### Work order
Restate, word for word, the run of lines that starts at the line containing "Appliances that talk" and ends with the final line of the listing. Leave pictures out.

########

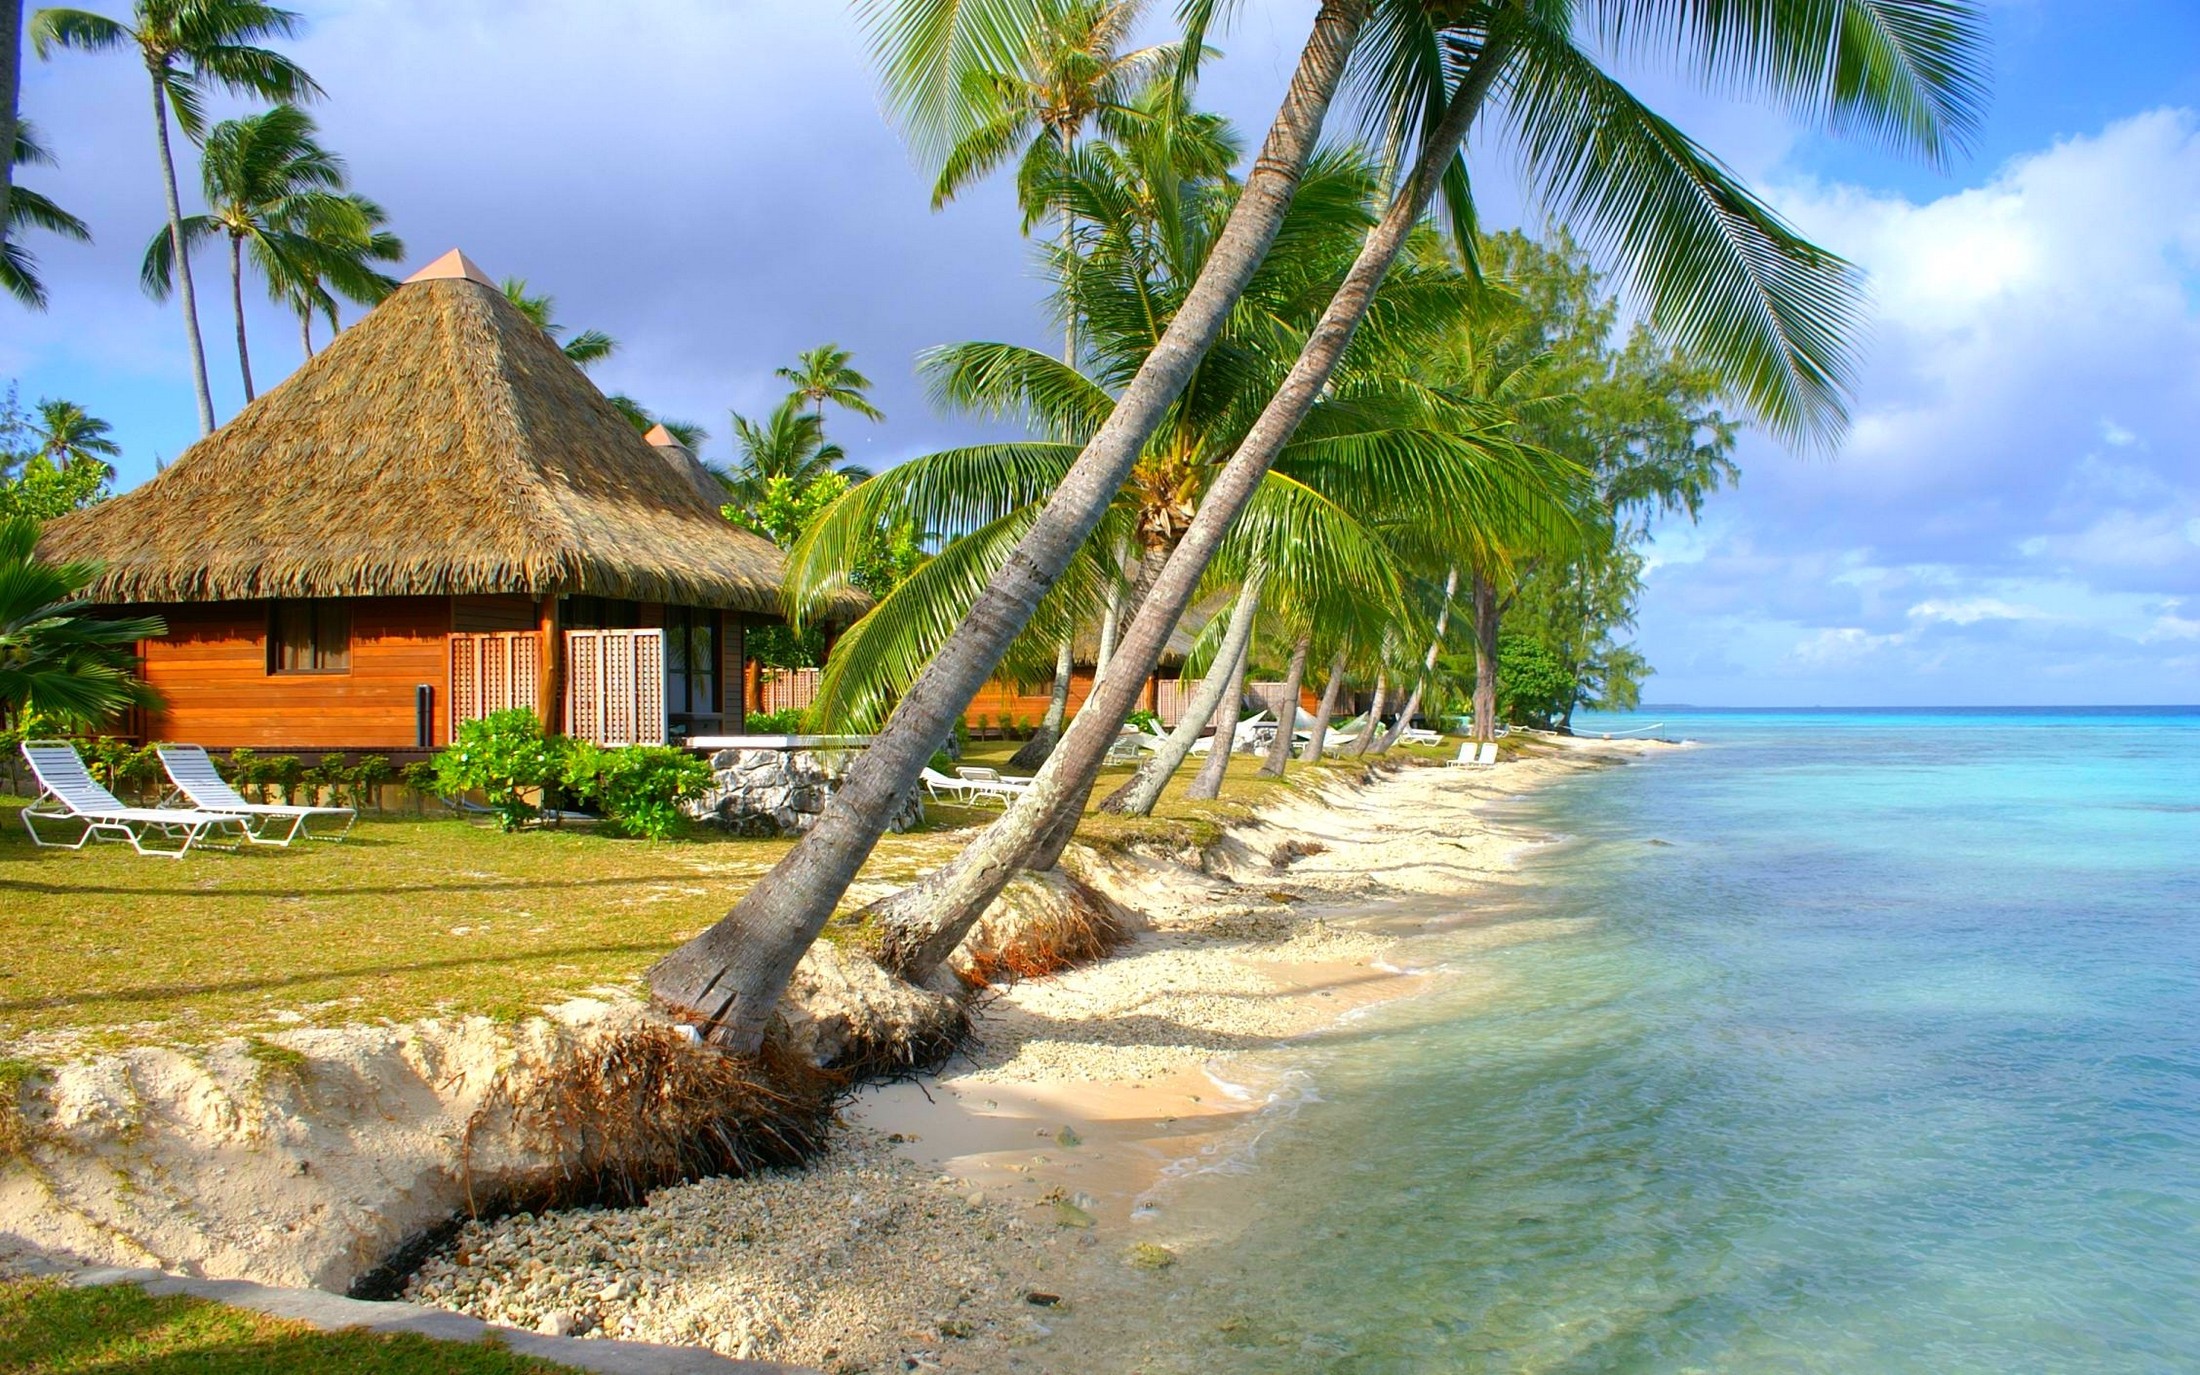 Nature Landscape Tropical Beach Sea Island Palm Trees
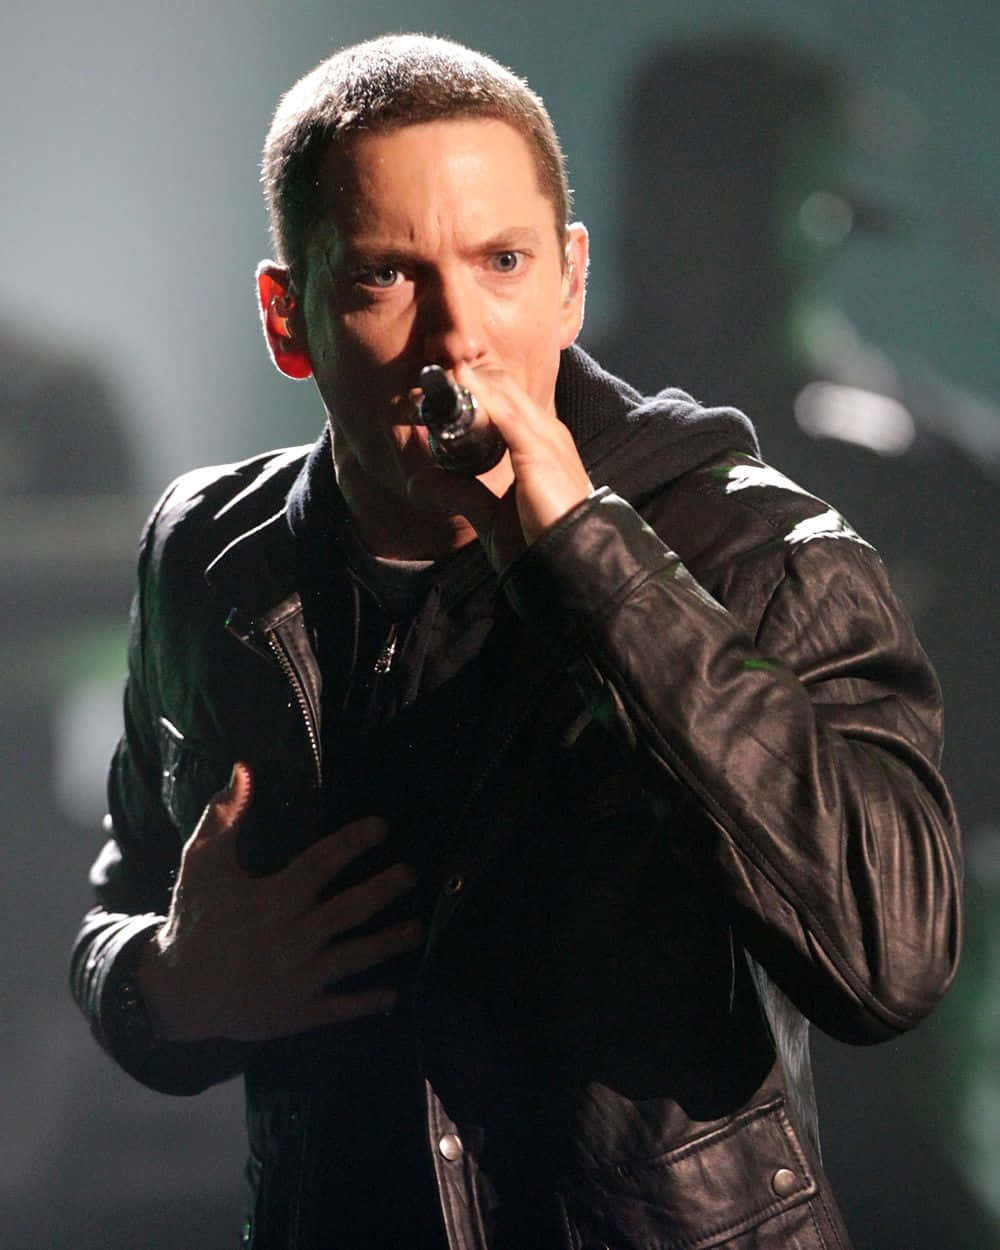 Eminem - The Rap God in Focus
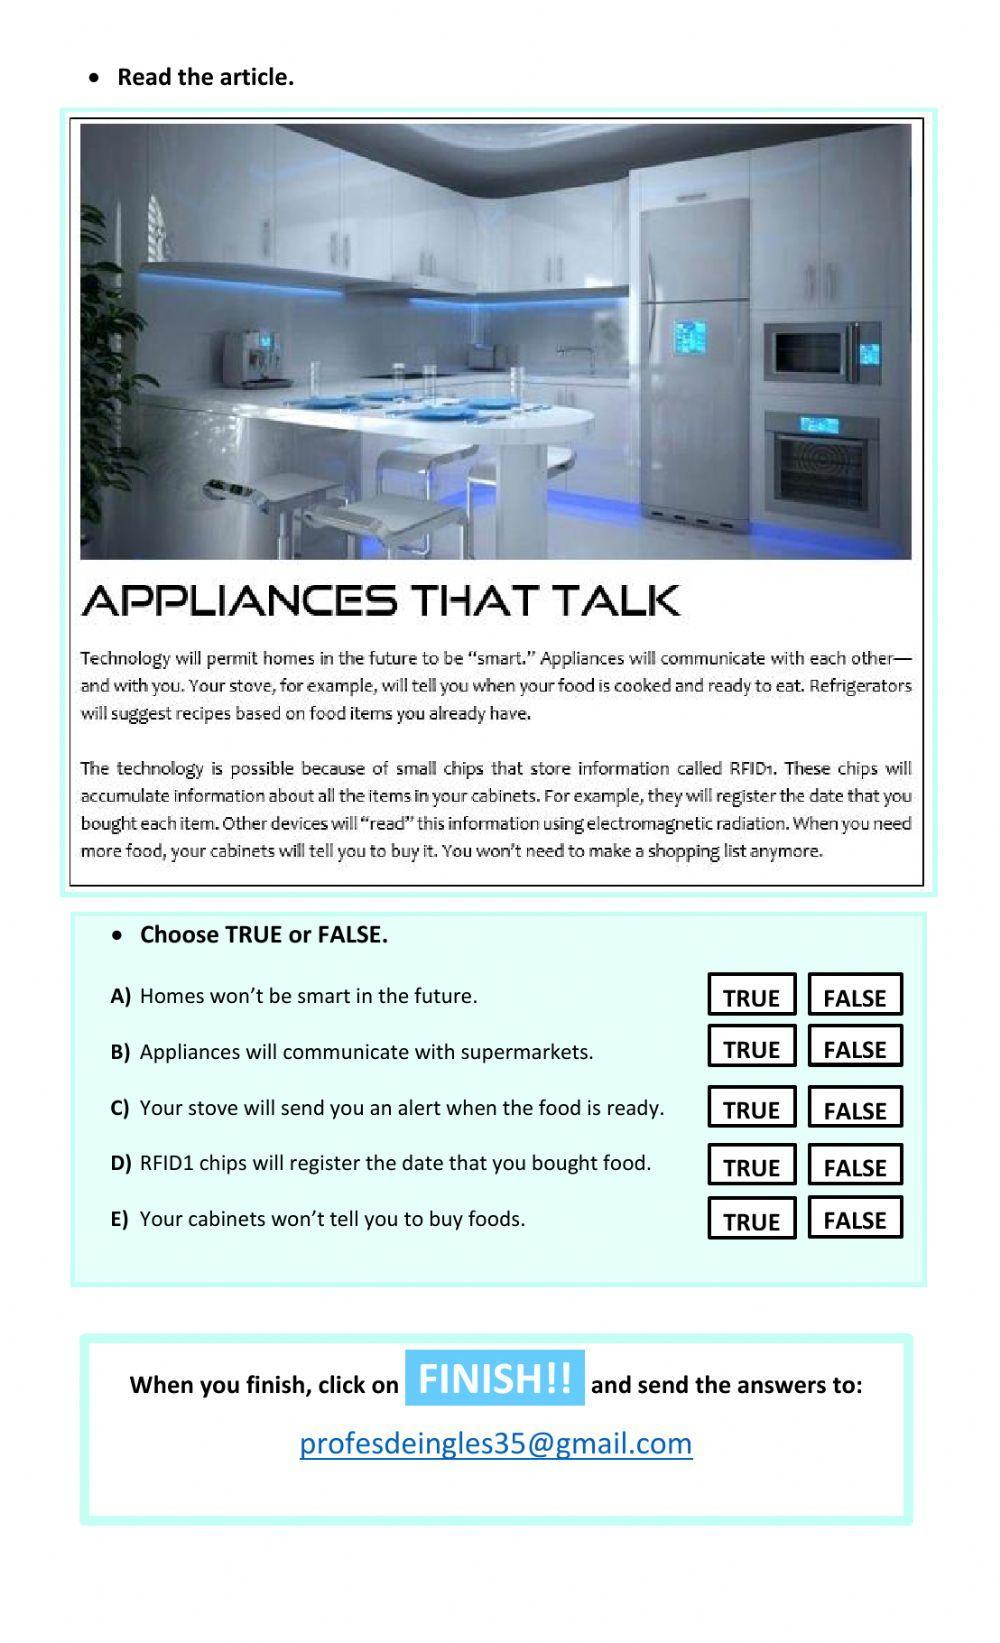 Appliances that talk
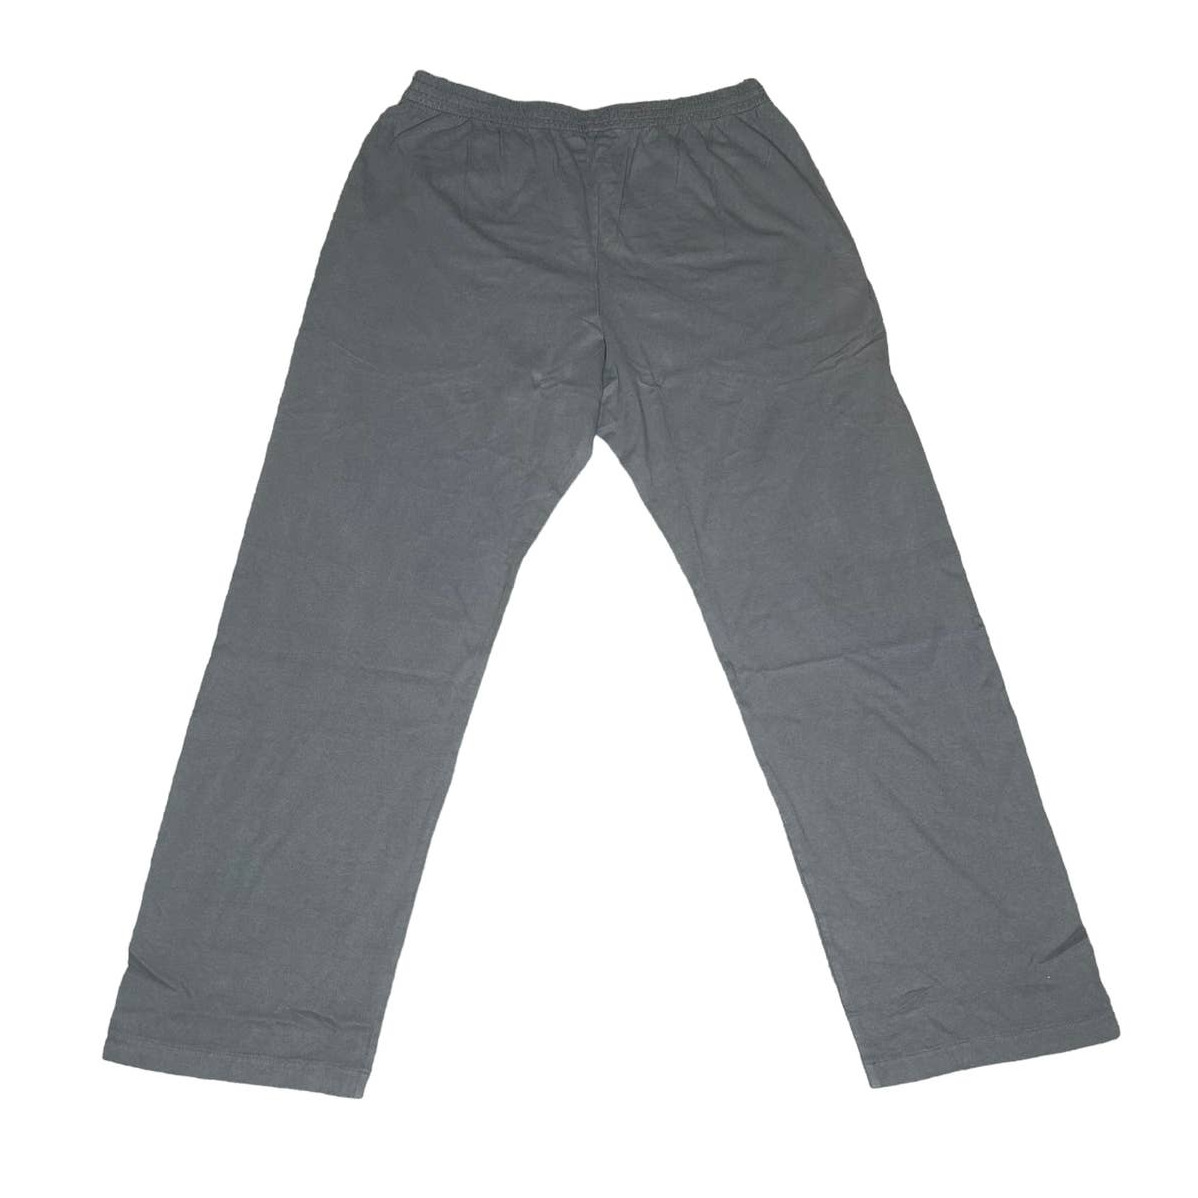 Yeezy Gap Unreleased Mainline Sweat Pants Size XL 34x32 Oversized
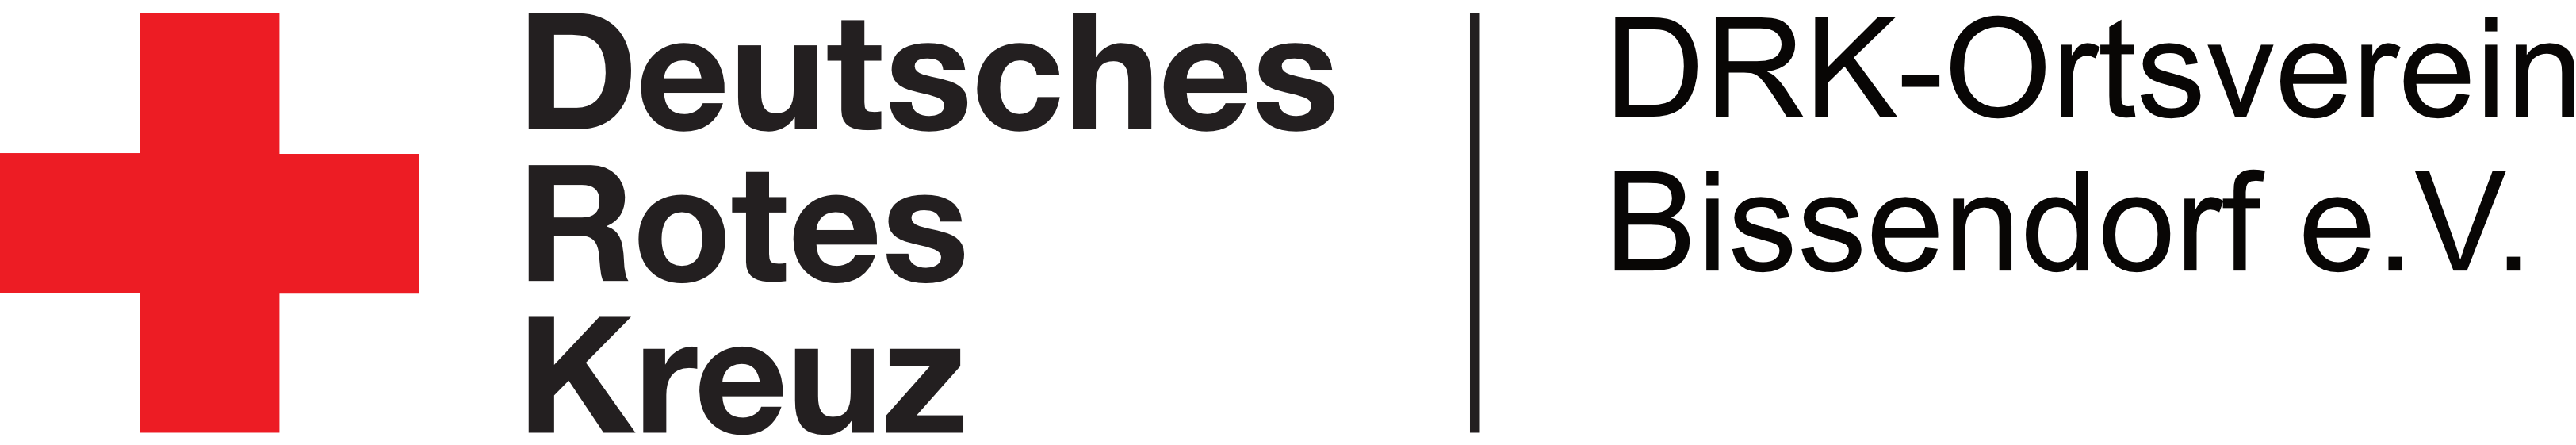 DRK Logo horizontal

########

### Result of this exercise
 Appliances that talk
 Yeezy Gap Unreleased Mainline Sweat Pants Size XL 34x32 Oversized
 DRK Logo horizontal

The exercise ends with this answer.